Dans de nombreux articles critiques, Tom à la ferme a été classé dans la catégorie des thrillers. D’après André Roy dans son Dictionnaire général du cinéma, est un thriller « tout film créant des émotions fortes par le suspense et/ou le mystère. Le thriller peut désigner un film d’aventure, un film d’espionnage, un film policier, un film catastrophe, un film d’horreur ou un film de science-fiction ». En me fiant à ma propre subjectivité et à cette définition basique (seulement la première partie), j’aurais tendance à approuver. Le film est doté d’un suspense très bien mené qui m’a effectivement fait ressentir des émotions fortes.

Pour ce qui est du mystère, il convient de se pencher plus précisément sur les personnages et leurs relations. Les liens qui se tissent entre Tom et Francis (le frère du défunt) sont d’une ambiguïté et d’une violence passionnelle telle que l’effet de mystère est totalement réussi. Pendant tout le film, on se demande si Francis va tuer Tom, ou s’il va l’embrasser. La scène de la poursuite et de la bagarre dans les champs de maïs constitue pour le spectateur l’apogée de l’angoisse qui se dégage de cette tension destructrice entre les deux personnages. La construction et le développement de cette relation est à mon sens le point fort de ce film. D’un côté Tom, abasourdi par la mort de son compagnon Guillaume, qui vient s’oublier complètement dans cette ferme reculée au fin fond du Québec.
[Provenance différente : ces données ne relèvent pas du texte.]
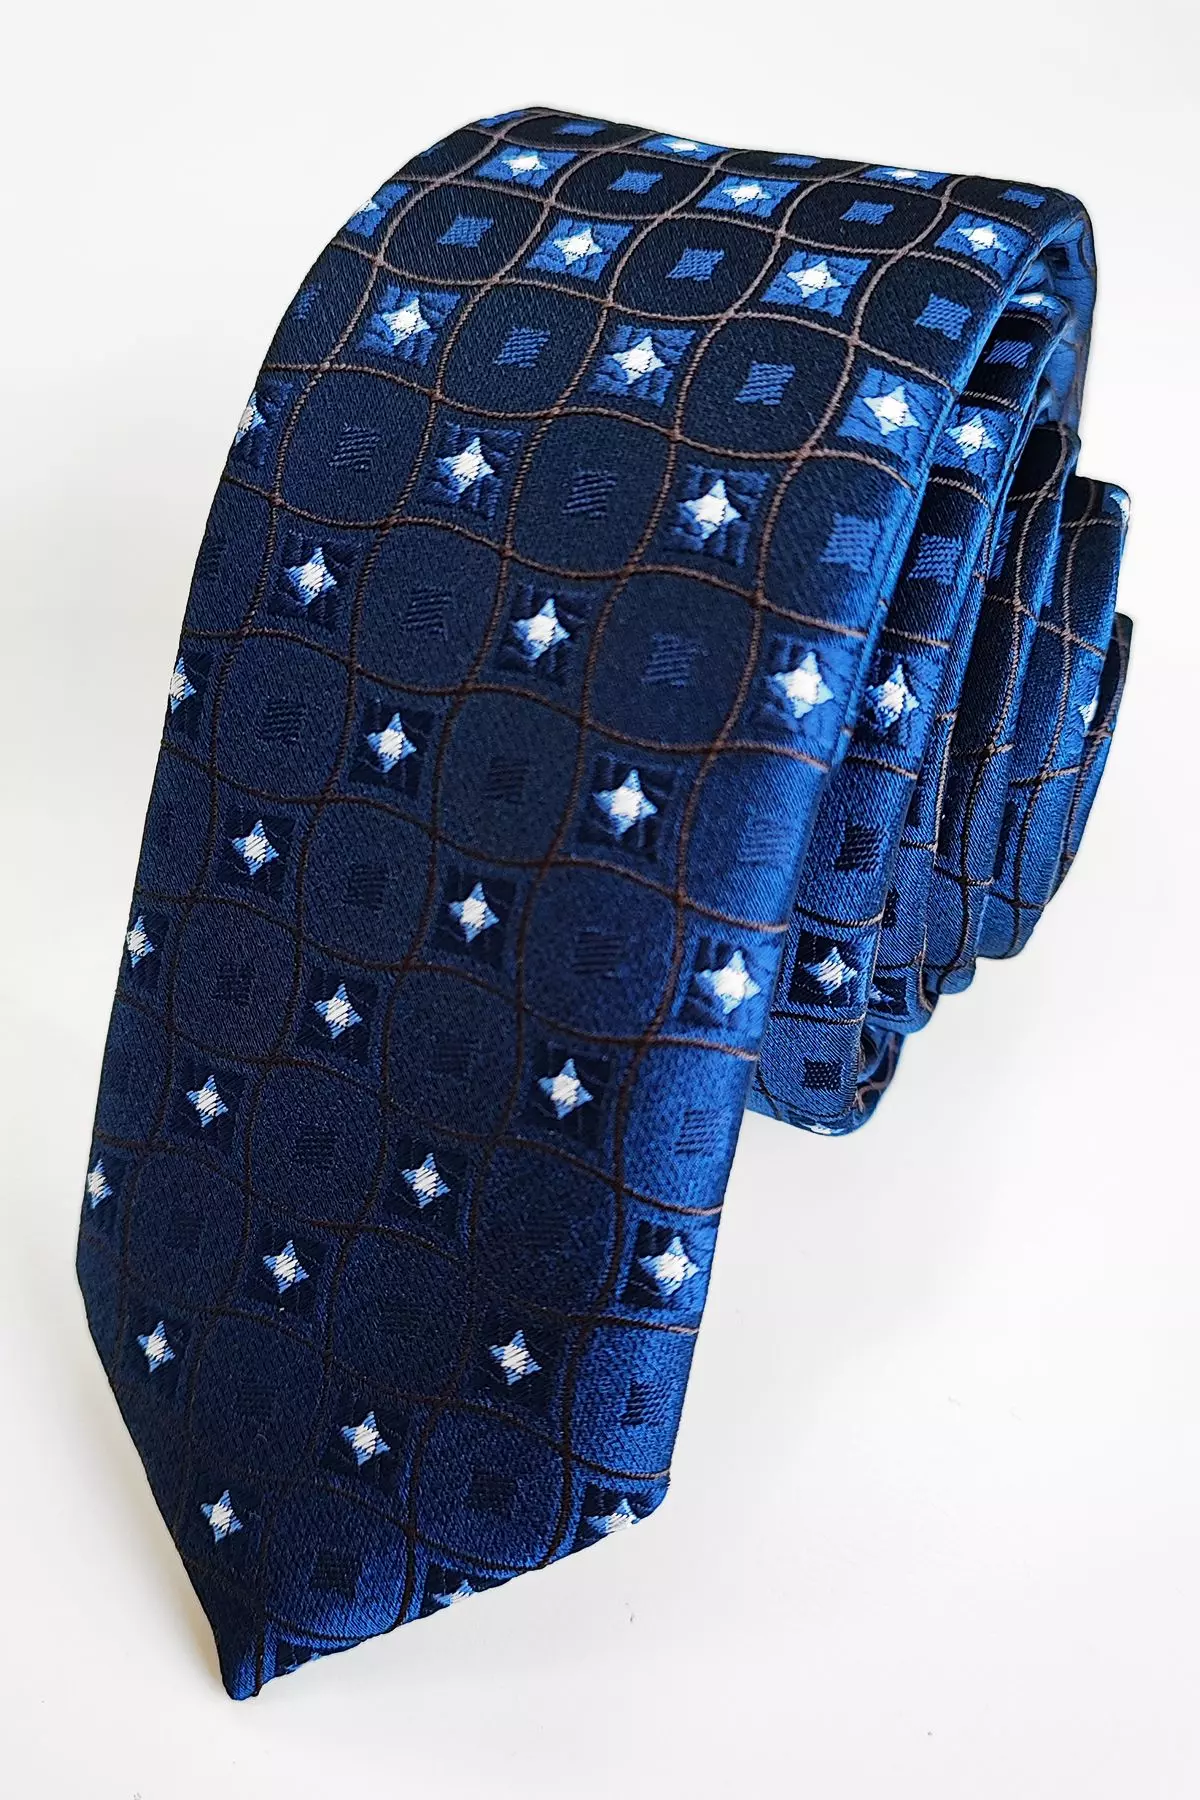 PATTERNED nyakkendő (w-091) slim
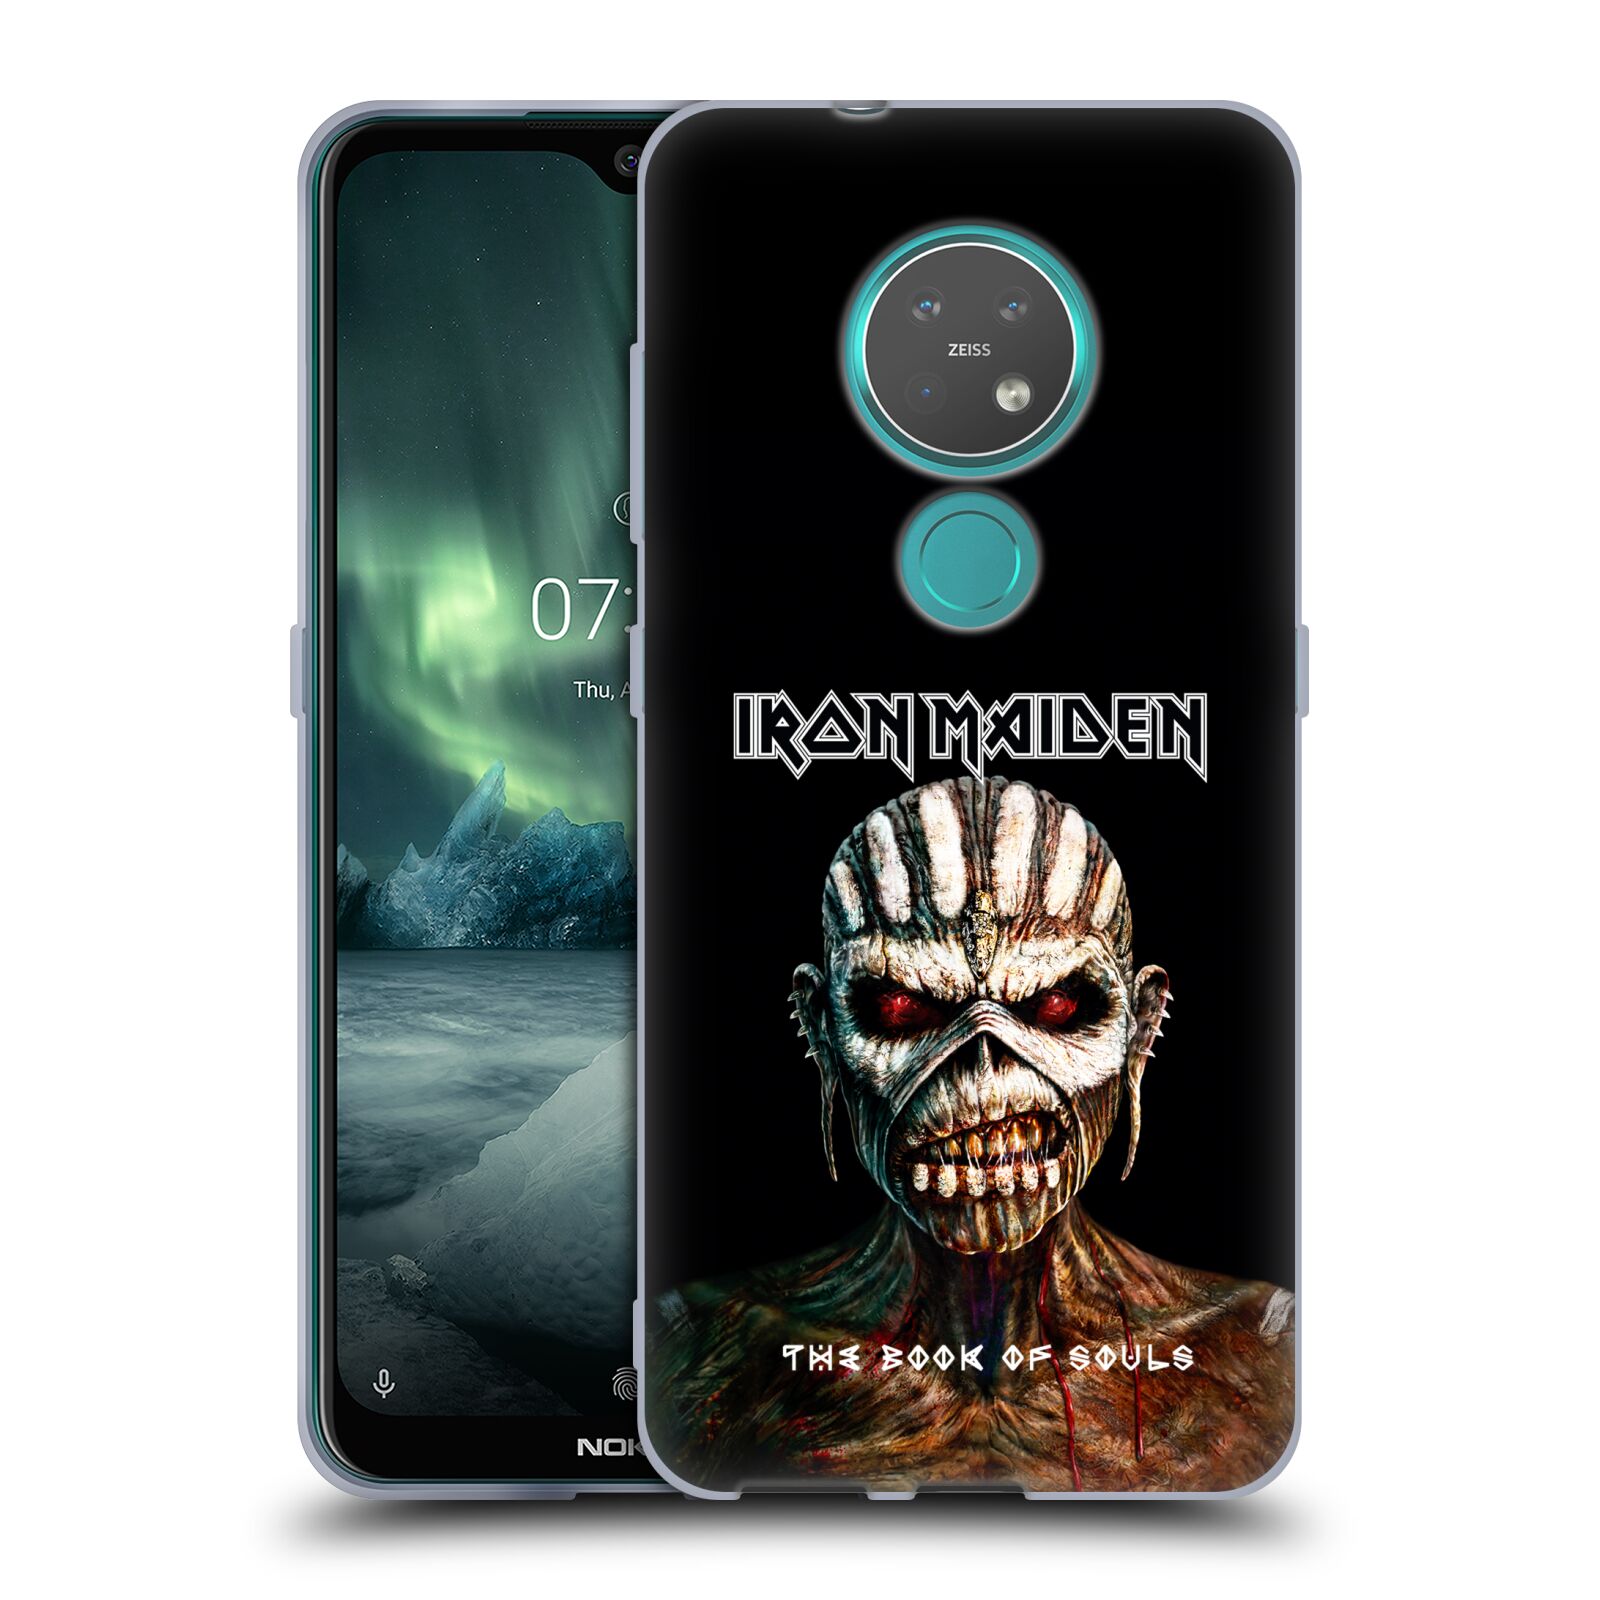 Silikonové pouzdro na mobil Nokia 7.2 - Head Case - Iron Maiden - The Book Of Souls

De l’autre Francis, frère de Guillaume, en proie à d’intenses accès de violence, coincé dans sa ferme familiale. A la fois tout et rien ne les unit. Rien au sens où ils ne semblent ne rien avoir en commun : un citadin gay, un campagnard virilissime. Tout au sens où tout les rapproche : Guillaume, et leur solitude respective. Ce que Dolan arrive à exprimer à travers ce couple de personnage est vraiment très fort, d’une grande profondeur. Tellement fort que la relation Francis/Tom en deviendrait insupportable si elle n’était pas tempérée par la présence d’Agathe, la mère de Francis et du défunt interprétée par Lise Roy. Ce personnage est capital car il permet d’atténuer la tension propre à la relation des deux protagonistes lorsque c’est nécessaire. Agathe permet au spectateur de reprendre son souffle. Attention, cela ne signifie pas qu’Agathe est en elle-même un personnage sain d’esprit et tempéré, bien au contraire. Il serait aisé de croire qu’elle est à la limite de sombrer dans un début de folie. Mais il n’empêche que la présence de ce troisième personnage vient contrebalancer le poids colossal de la relation Francis/Tom.

Pour ce qui est du scénario, bien que la construction de la relation entre les deux protagonistes soit très bonne aussi bien au plan temporel qu’émotionnel, j’ai eu plus de mal avec la fin du film. Je ne pense pas pouvoir m’en prendre à Dolan directement, puisque le film est adapté de la pièce éponyme de Michel Marc Bouchard, mais j’ai jugé cette dernière décevante. Disons trop rocambolesque, trop de hasard délibéré de la part du scénariste/auteur. Réussir à s’échapper avec la voiture, puis croiser le balafré à la station-service, c’est too much.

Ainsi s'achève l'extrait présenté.